Tag 4: Piacenza – Cremona

Immer später wird es bei mir morgens. Zwar muss ich in der Herberge schon bis 9 gefrühstückt haben – ein karges italienisches Frühstück mit Keks, Zwieback, abgepacktem Cornetto und einem immerhin guten Cappuccino, für den das Aufstehen dann doch lohnt – doch dann packe ich in aller Ruhe, schreibe, suche nächste Unterkünfte, alles noch im Ostello-Wlan. Es ist fast mittags, als ich aufbreche. Zunächst in die Stadt, ich muss auf dem Weg zur Po-Brücke eh mitten hindurch

Wie gut, dass ich gestern schon durch die Gassen geschlendert bin. Heute ist dort Markt, allüberall. Voll, eng, kaum zum Durchschieben, und das in der gesamten Fußgängerzone. Zwischenzeitlich bin ich mit meinem Rad so in den Gassen verkeilt, dass ich kaum noch weiß, wo oben und unten ist und ob ich je wieder hinausfinde. — Doch, es gelingt letztlich. Darauf einen zweiten Kaffee an einer ruhigen Ecke des Marktes. Und einen wiederum langen Blogpost fertigschreiben. Die Länge meiner Posts verhält sich offenbar umgekehrt proportional zur Tagesstrecke. (Wenn dem so ist, dann kommen jetzt bald Tage mit weit kürzeren Posts:))

Heute ist nochmal Kurzstrecke. Aus den 50 Kartenkilometern werden zwar durch Verfahren letztlich 60 (was??? so viel verfahren???), doch ich bin trotz der erst nachmittäglichen Abfahrt in aller Ruhe gegen 6 Uhr in Cremona.

Ja, verfahren habe ich mich heute. Ein Novum auf dieser Tour. Es war gerade so ein angenehmer Zustand, ich fahre ohne Karte, ohne Navi, ohne Kilometerzähler, ohne Wetterbericht, einfach geräte- und techniklos vor mich hin, immer auf dem Deich. Man kann gar nicht falsch abbiegen, zumal der „Ciclovia del Po“ hier komfortabel ausgeschildert ist, ist ja einfach. Bis zu der Stelle, wo aus deM Deich ein blätterteigartiges Deichverzweige wird, wo sich selbst die Radwegeschilder nicht entscheiden können, wo es ständig die Wahl zwischen rechts und links oder zwischen Schotter und Straße gibt, und wo ich mich offenbar einmal zuviel für Schotter entscheide. Schwupp, bin ich im Niemandshinterland. Traumlandschaft, Mohn wie überall, Felder, Deiche, Gebüsch, Rehe, Vögel, all das. Aber kein Ort mehr in Sicht.
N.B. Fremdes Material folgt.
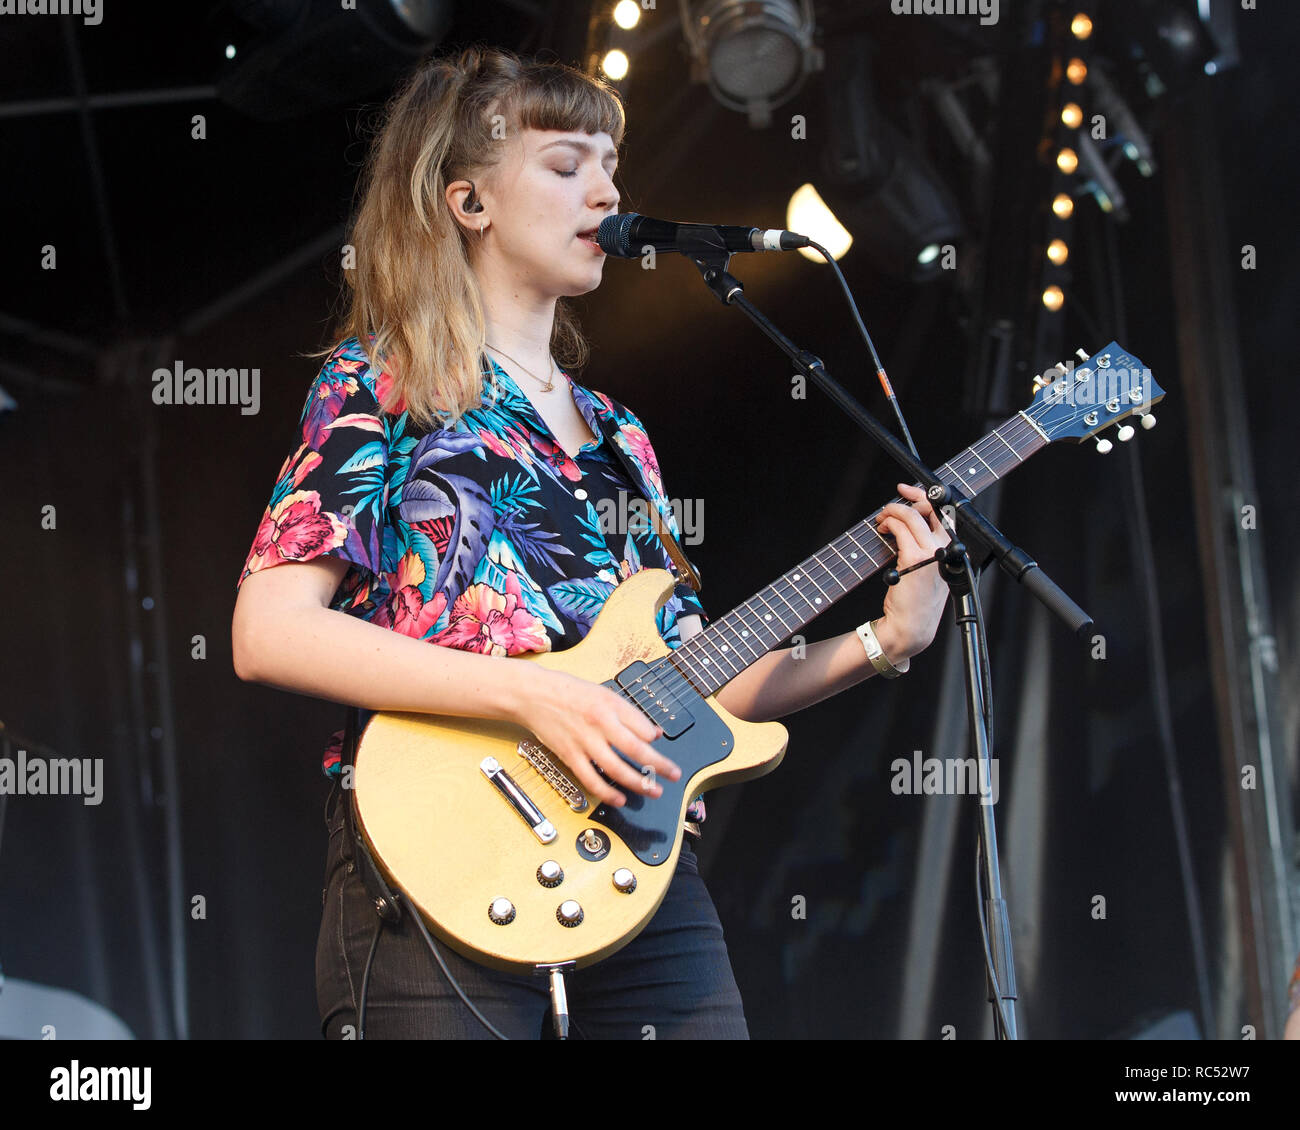 A Gibson Les Paul guitar being played live onstage by Juliette Jackson of British alternative rock band The Big Moon. Female Les Paul guitarist, Jules Jackson, The Big Moon lead singer. Stock Photo

Und keinerlei Übereinstimmung der Wege und Himmelsrichtungen und Kartenangaben. Oben hängen mittlerweile düstere Gewitterwolken, und ich weiß nicht, wo ich bin. Schalte also doch das Navi ein und fitzele mich mit seiner Hilfe durch wildeste Gebüschlandschaften zurück in die dörfliche Zivilisation. Es gelingt. Wenn ich in diese auch auf sehr ungewöhnliche Art einfalle. Ich komme nämlich – unbemerkt – durch die Hintertür in einen Landwirtschaftsbetrieb, stehe plötzlich mitten zwischen Kuhställen und Traktordepots und muss nur noch zum Tor hinausmarschieren. Die Bauern und die Kühe schauen gleichermaßen verdutzt.
Jedenfalls: Ich habe meinen Weg wieder. Er schickt mich an einem riesigen Castello vorbei, baut mir ein paar Brücken über Nebenflüsschen und Kanäle, führt immer wieder auf Schotterdeichen entlang und lässt mich sehr unvermittelt im Stadtzentrum von Cremona stehen. „Unvermittelt“ natürlich nur scheinbar, es fühlt sich so an. Das mag mit meinem heute verträumten Zustand zusammenhängen. Die Zeit und ihr Verstreichen spüre ich kaum, die Kilometer auch nicht.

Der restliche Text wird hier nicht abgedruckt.